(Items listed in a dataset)

==*==

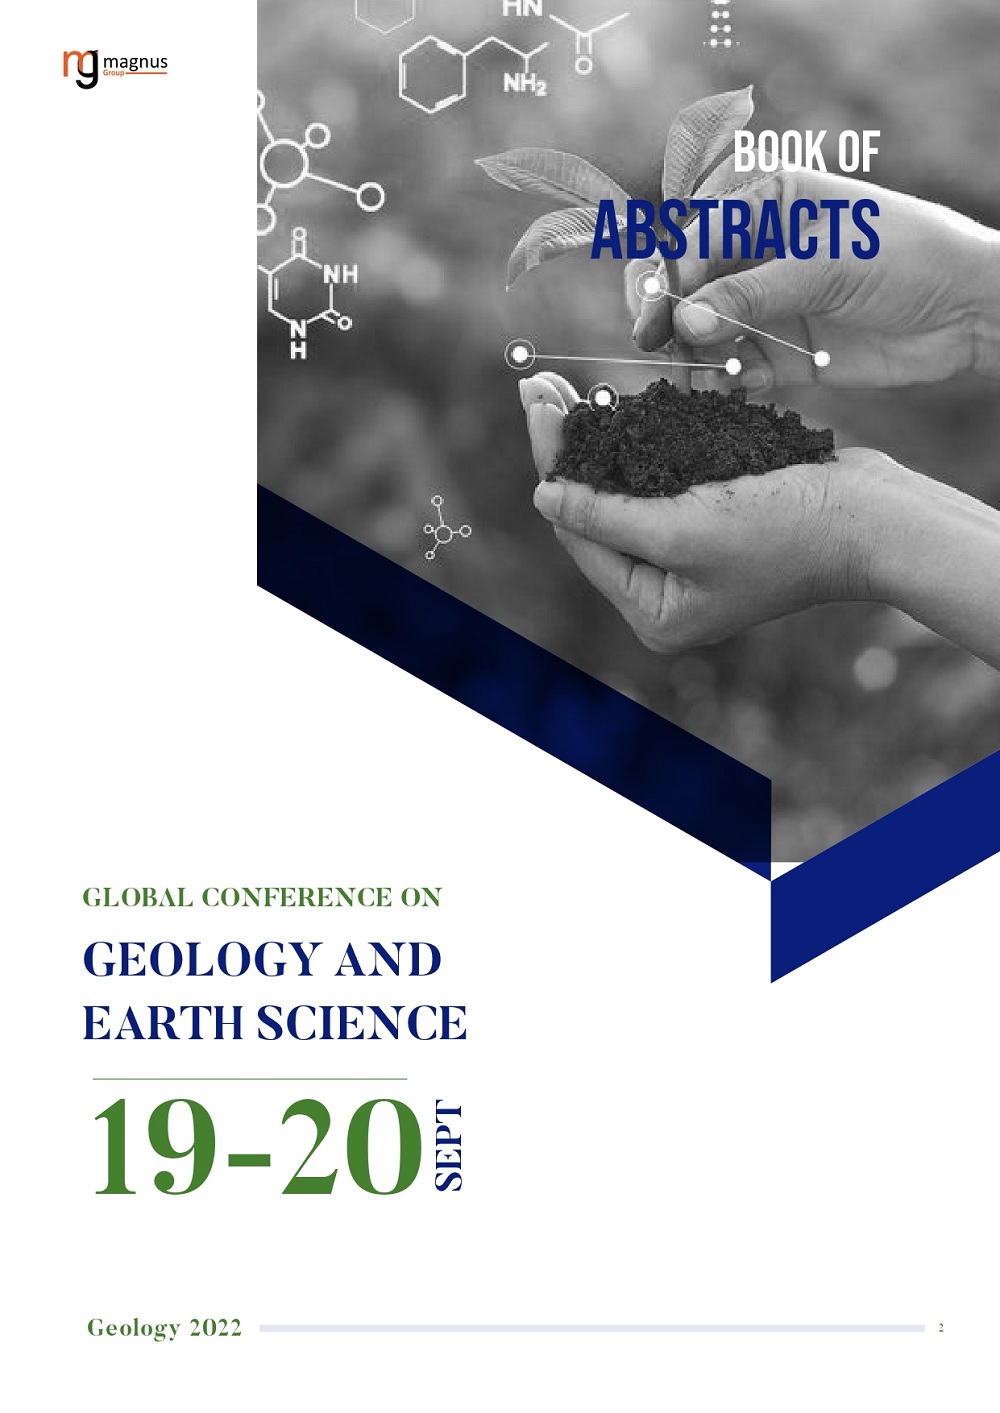 Global Conference on  Geology and Earth Science | Online Event Book
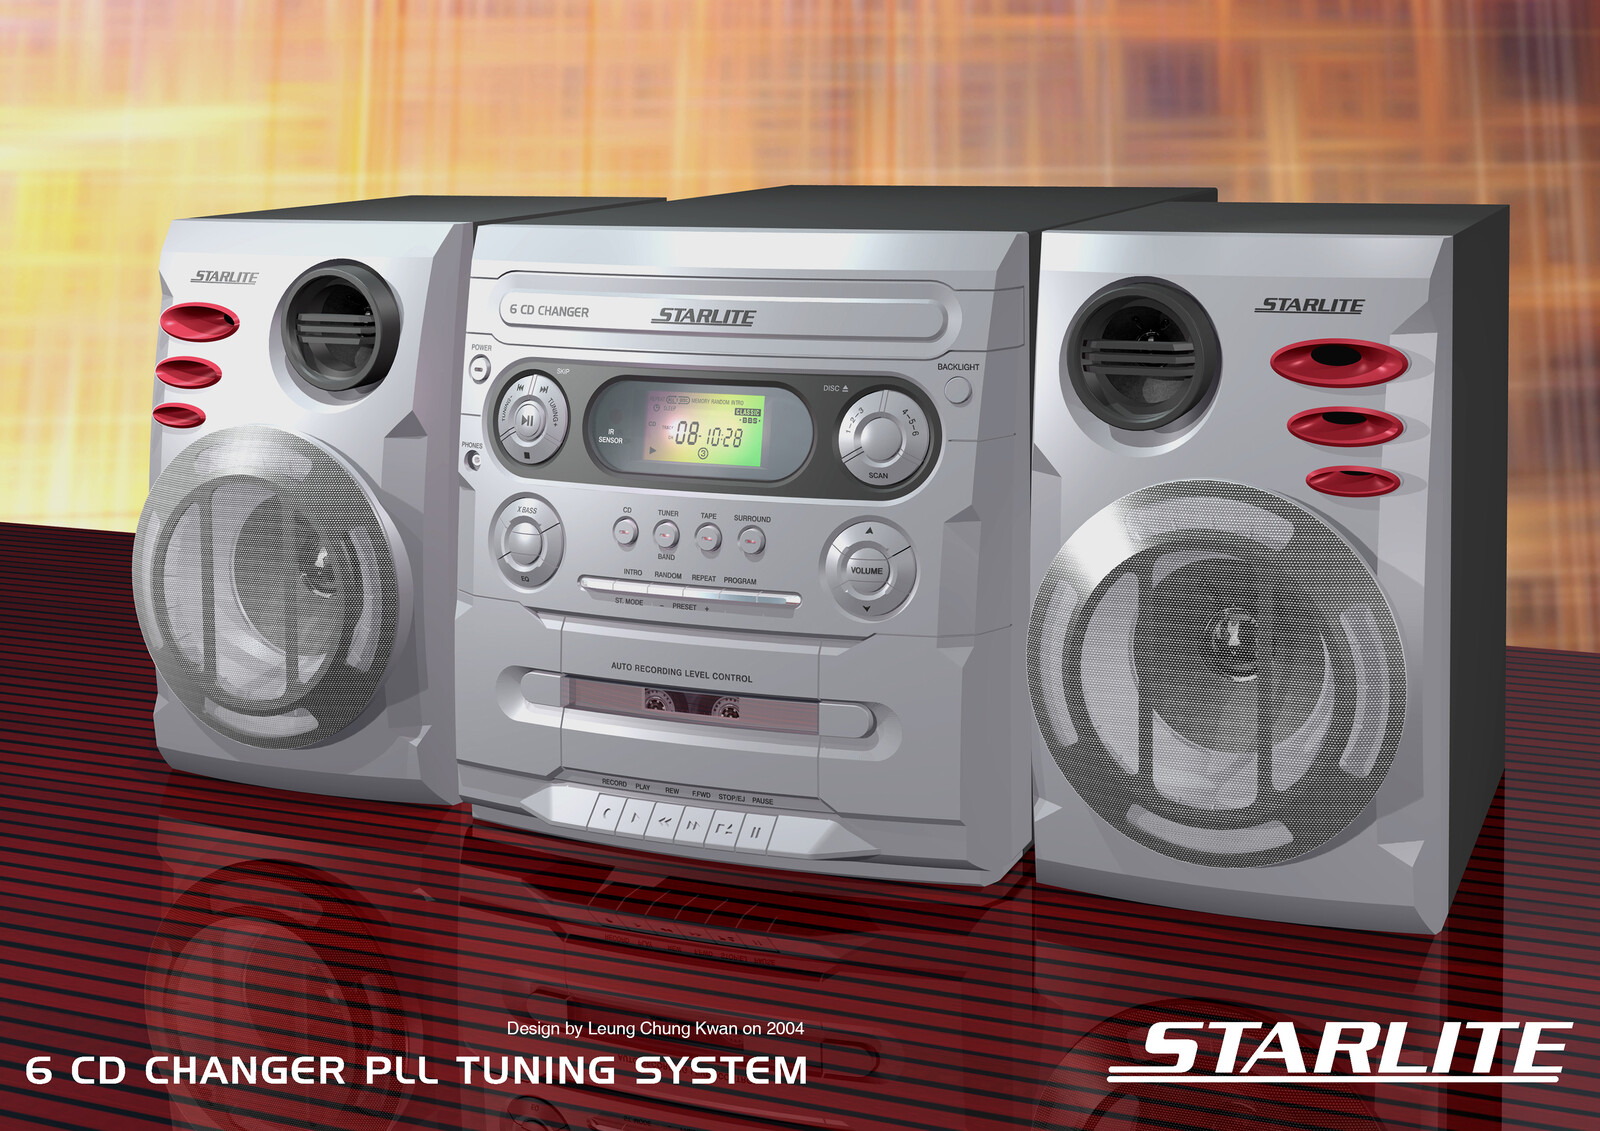 💎 6 CD Changer PLL Tuner with Single Cassette Hi-Fi | Design by Leung Chung Kwan on 2004 💎
Brand Name︰Starlite | Client︰Star Light Electronics Co., LTD.
Other Views︰http://bit.ly/sl02e-6cd-pll-single
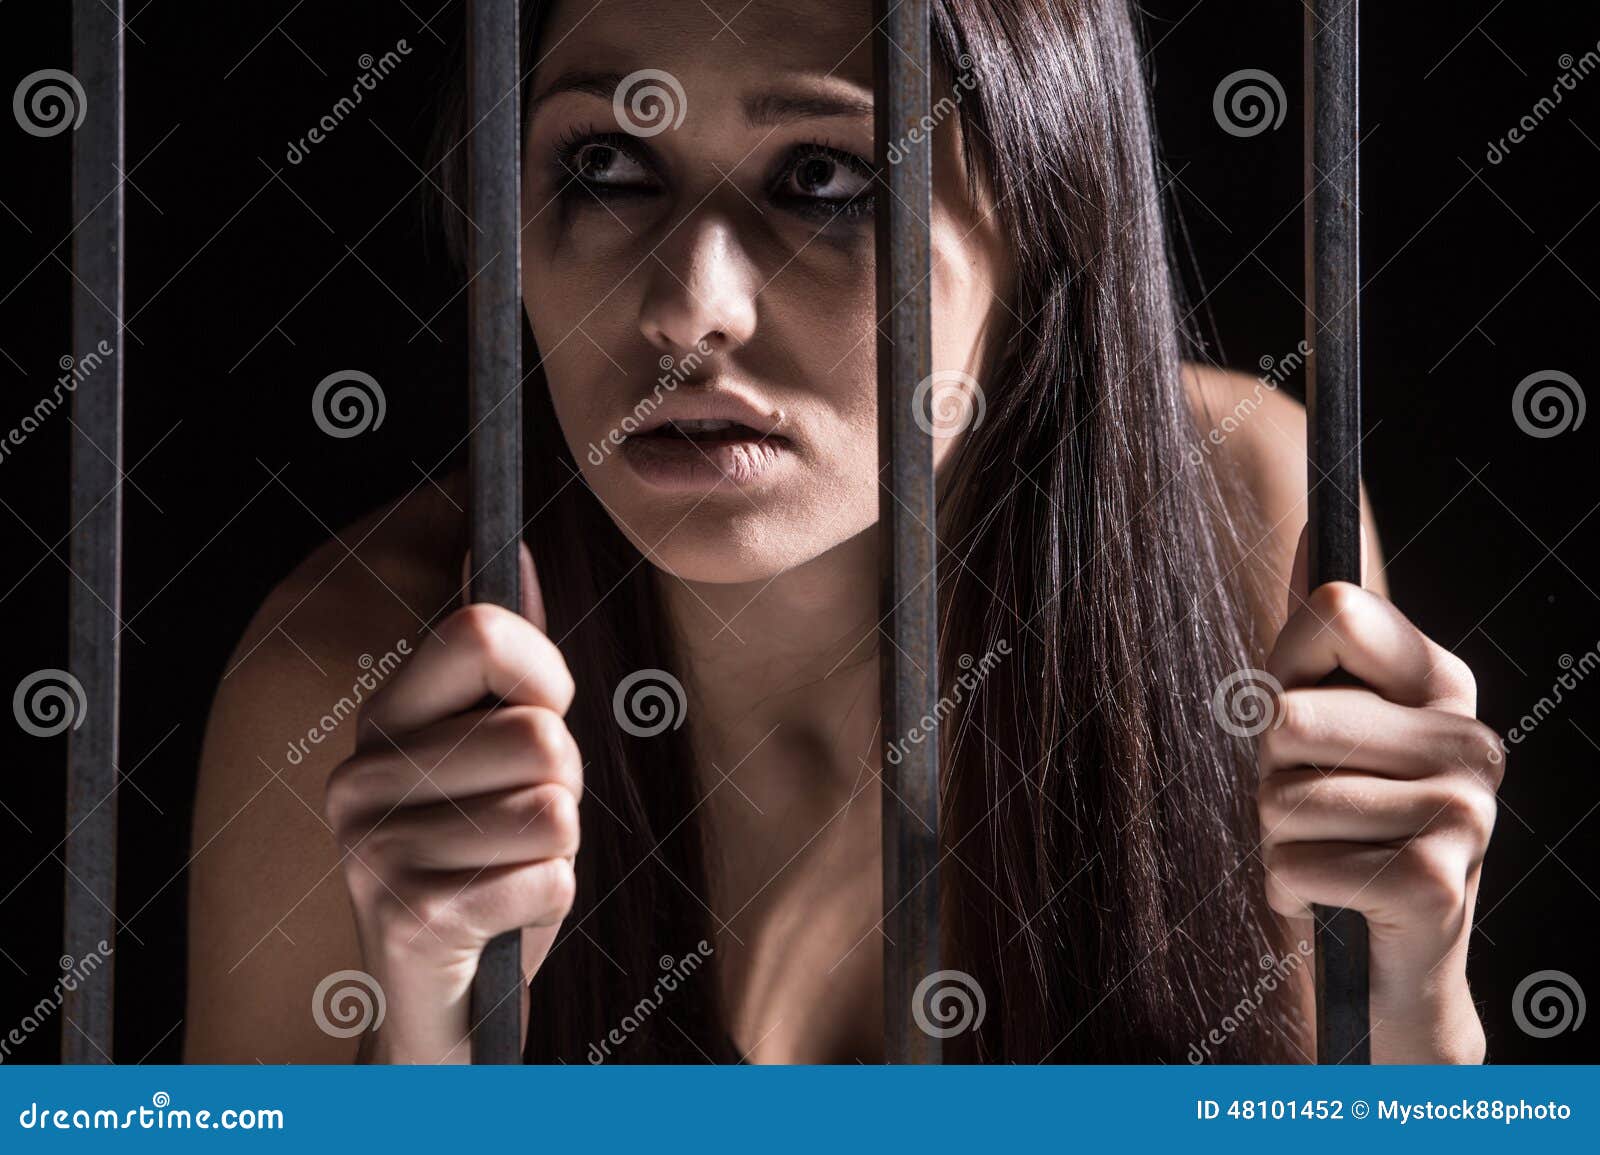 young woman looking from behind bars.

==*==

WORK TO COMPLETE
Leaving the pictures behind, return every line above exactly.

EXERCISE RESULT
 Global Conference on  Geology and Earth Science | Online Event Book
 💎 6 CD Changer PLL Tuner with Single Cassette Hi-Fi | Design by Leung Chung Kwan on 2004 💎
Brand Name︰Starlite | Client︰Star Light Electronics Co., LTD.
Other Views︰http://bit.ly/sl02e-6cd-pll-single
 young woman looking from behind bars.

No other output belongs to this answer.